> **Provided data**
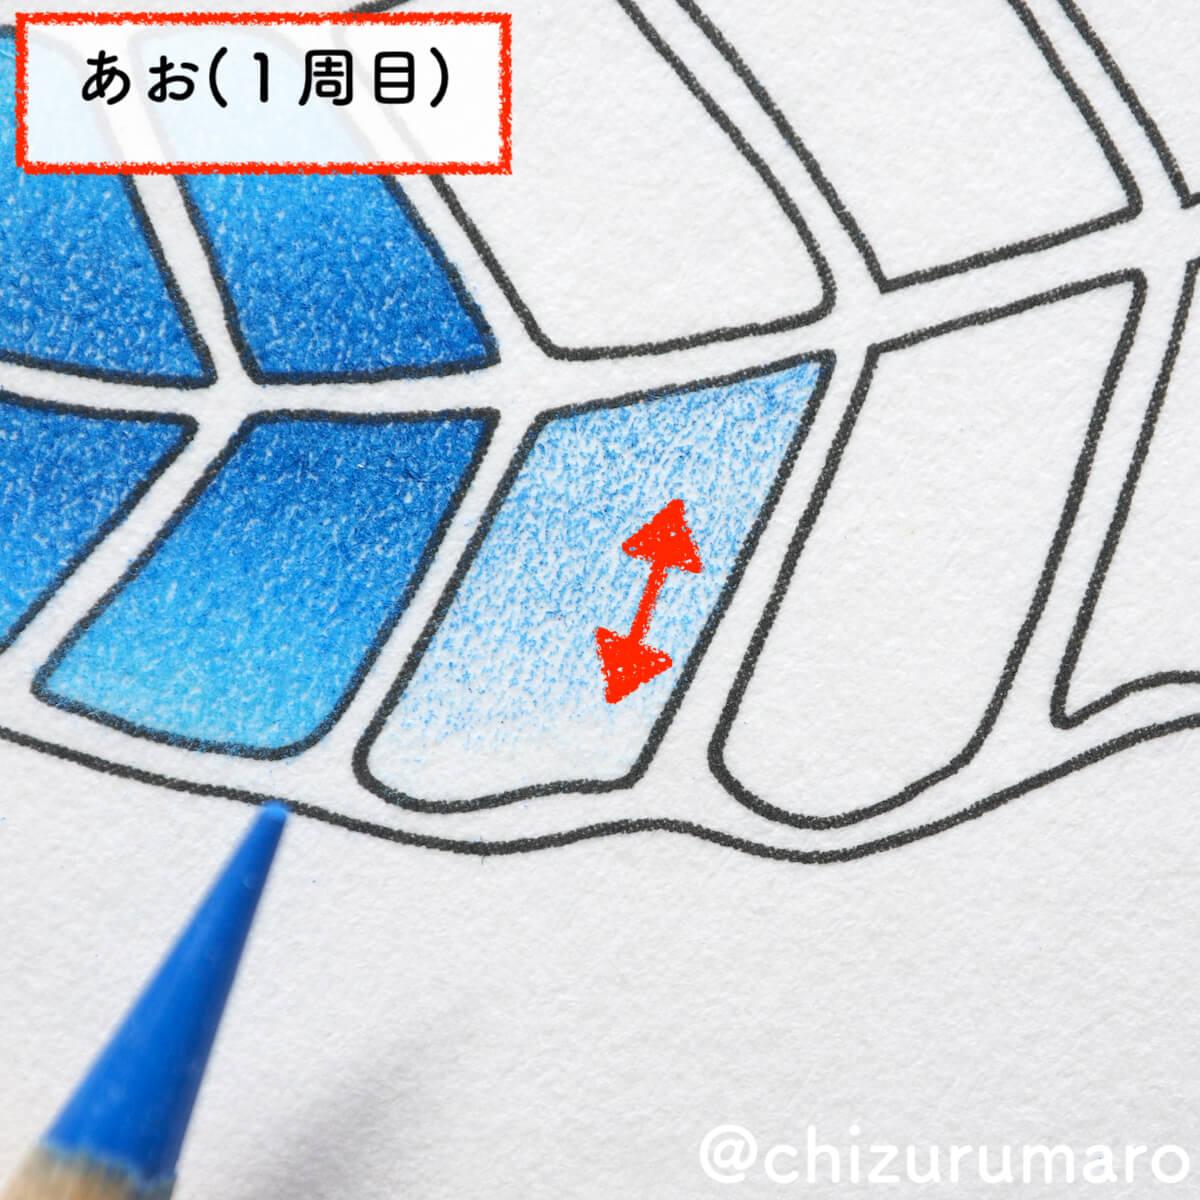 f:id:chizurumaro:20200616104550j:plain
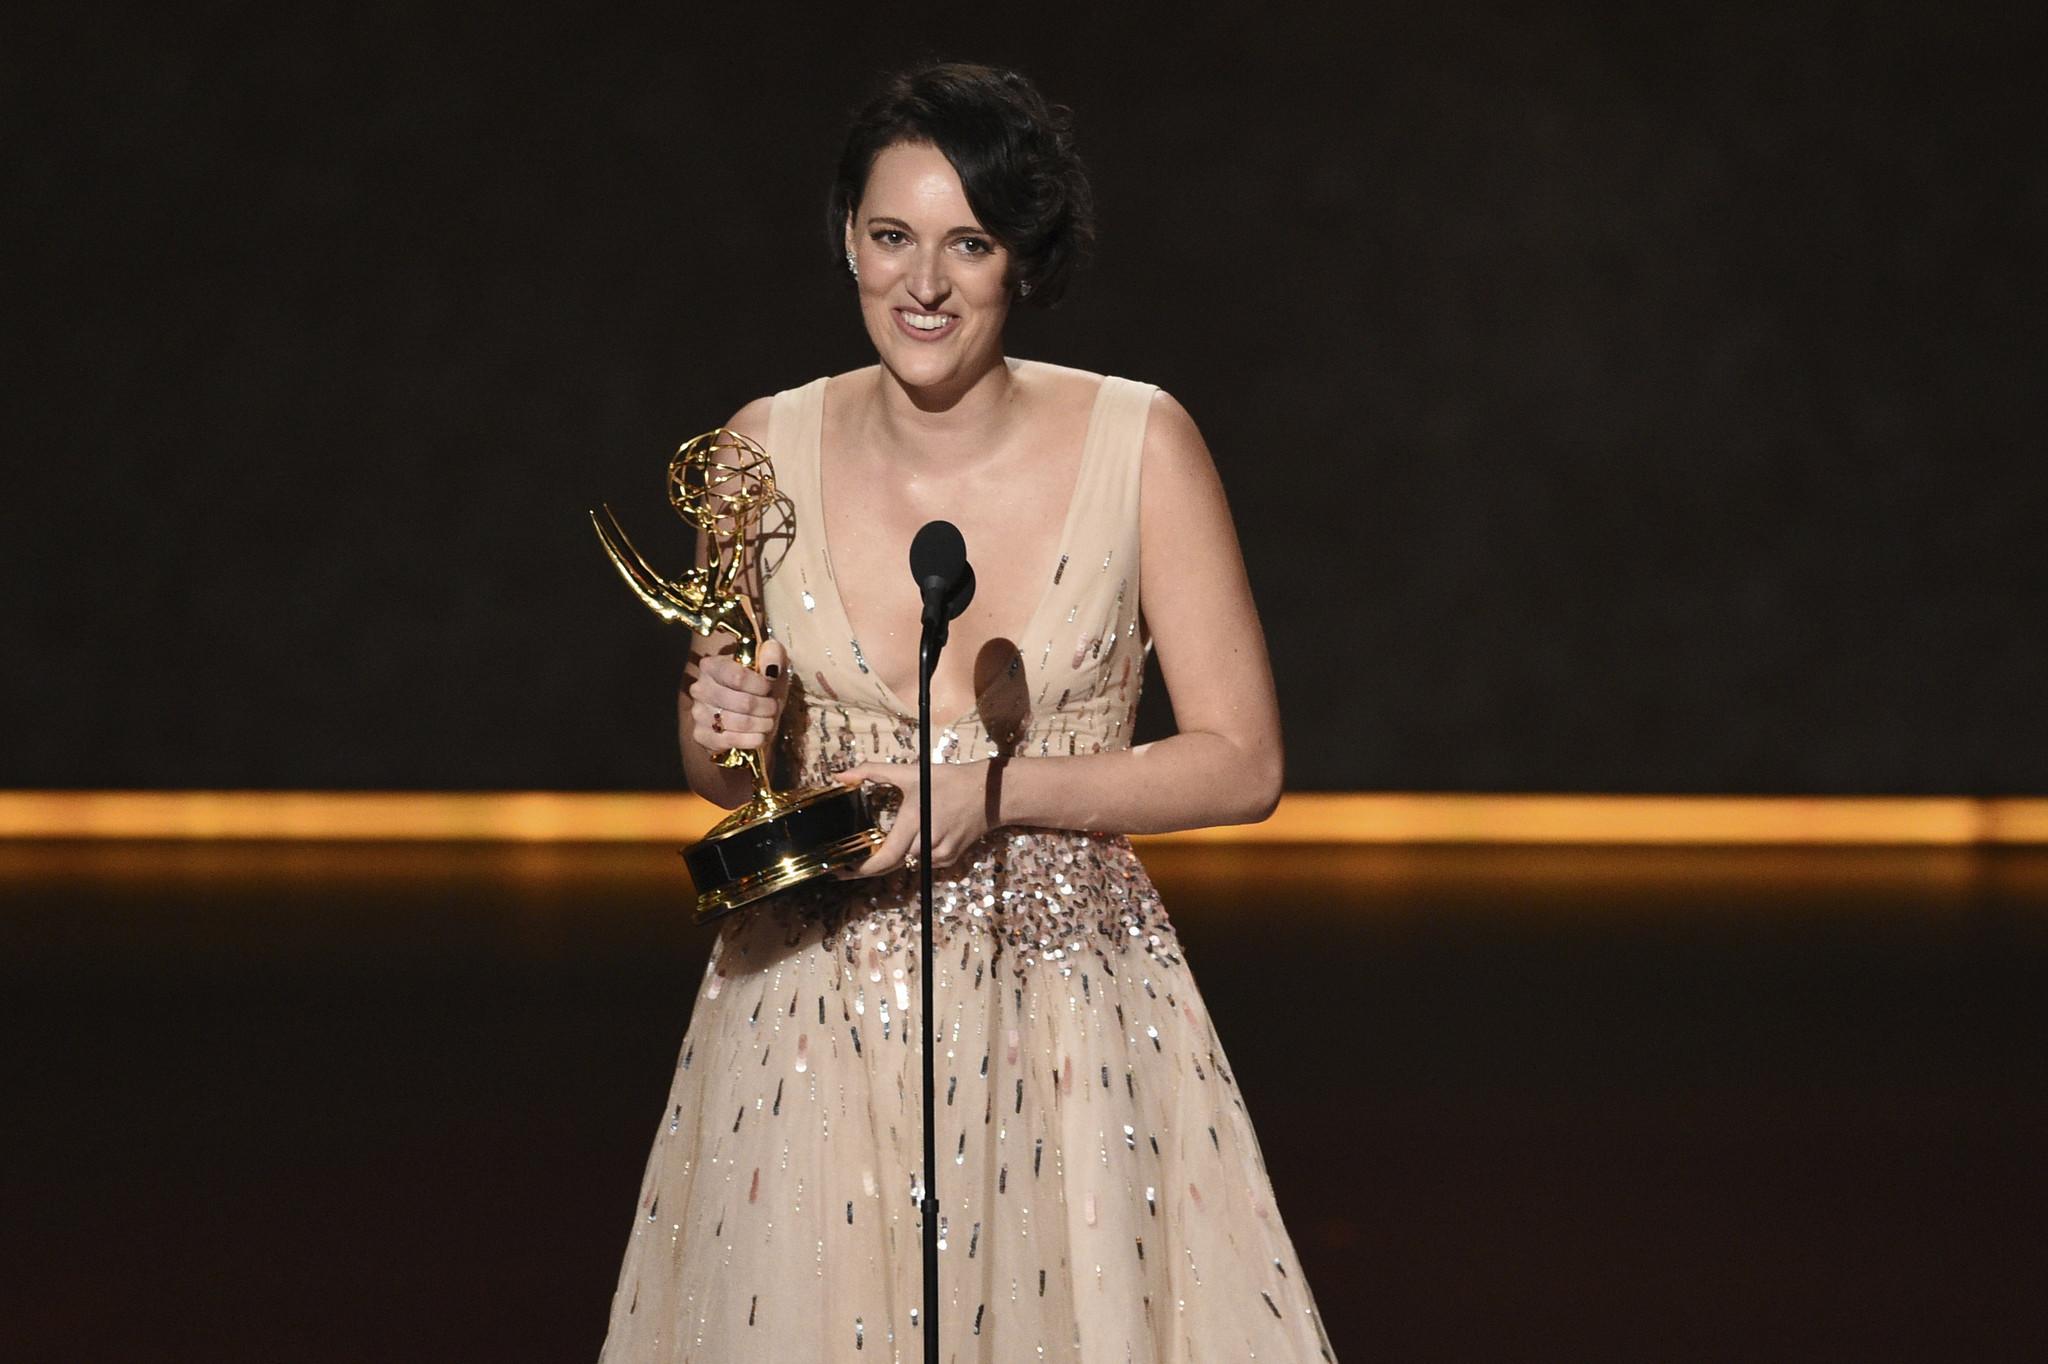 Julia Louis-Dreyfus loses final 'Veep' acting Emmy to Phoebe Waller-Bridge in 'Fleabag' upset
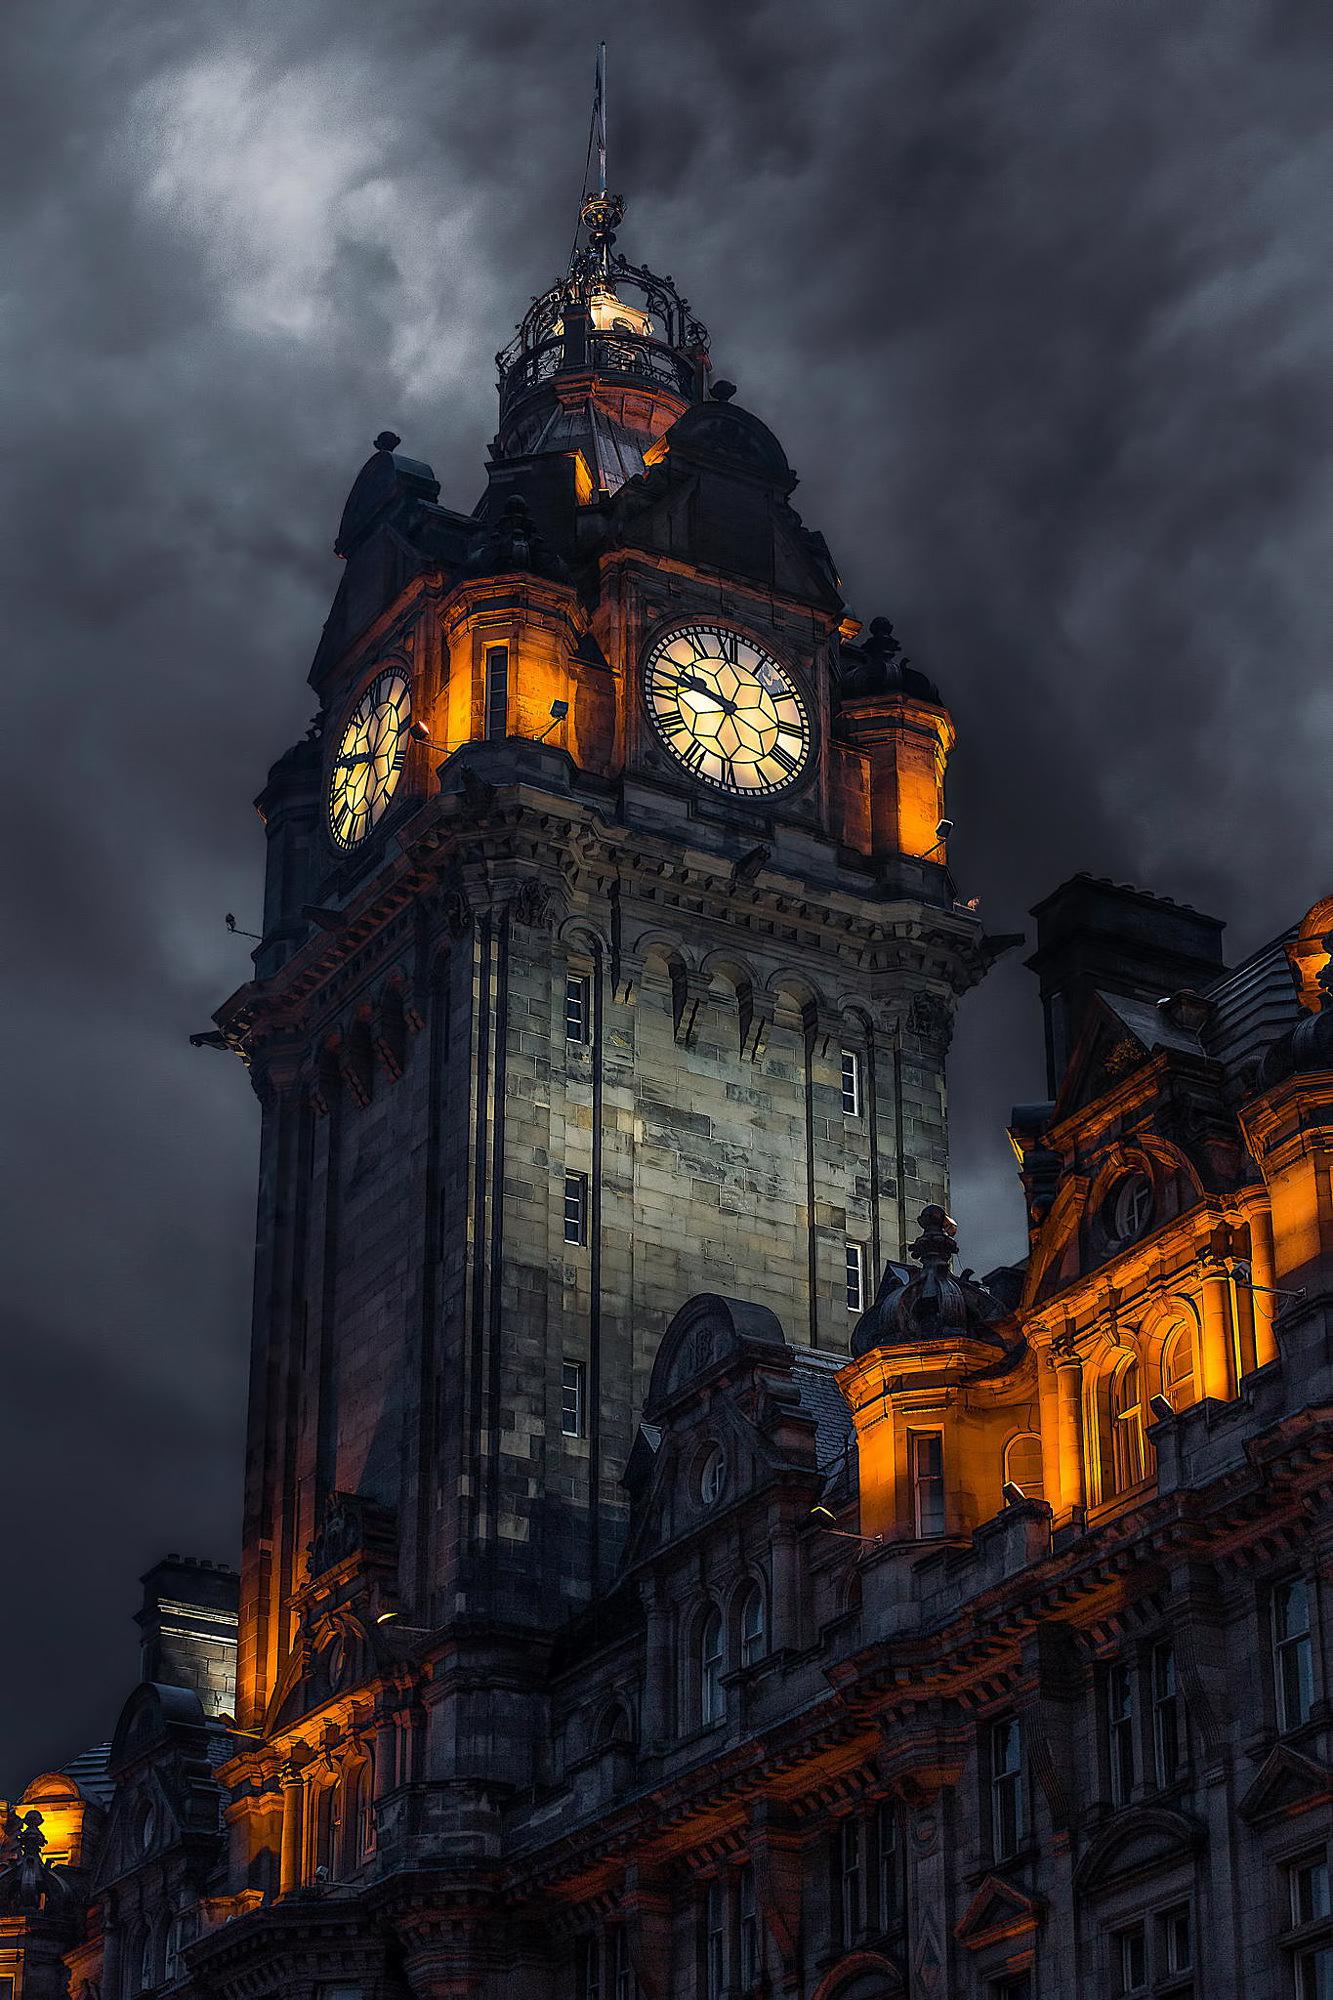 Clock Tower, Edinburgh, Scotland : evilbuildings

> **What is required**
Output nothing but an exact retyping of the material, pictures excluded.

> **Written reply**
 f:id:chizurumaro:20200616104550j:plain
 Julia Louis-Dreyfus loses final 'Veep' acting Emmy to Phoebe Waller-Bridge in 'Fleabag' upset
 Clock Tower, Edinburgh, Scotland : evilbuildings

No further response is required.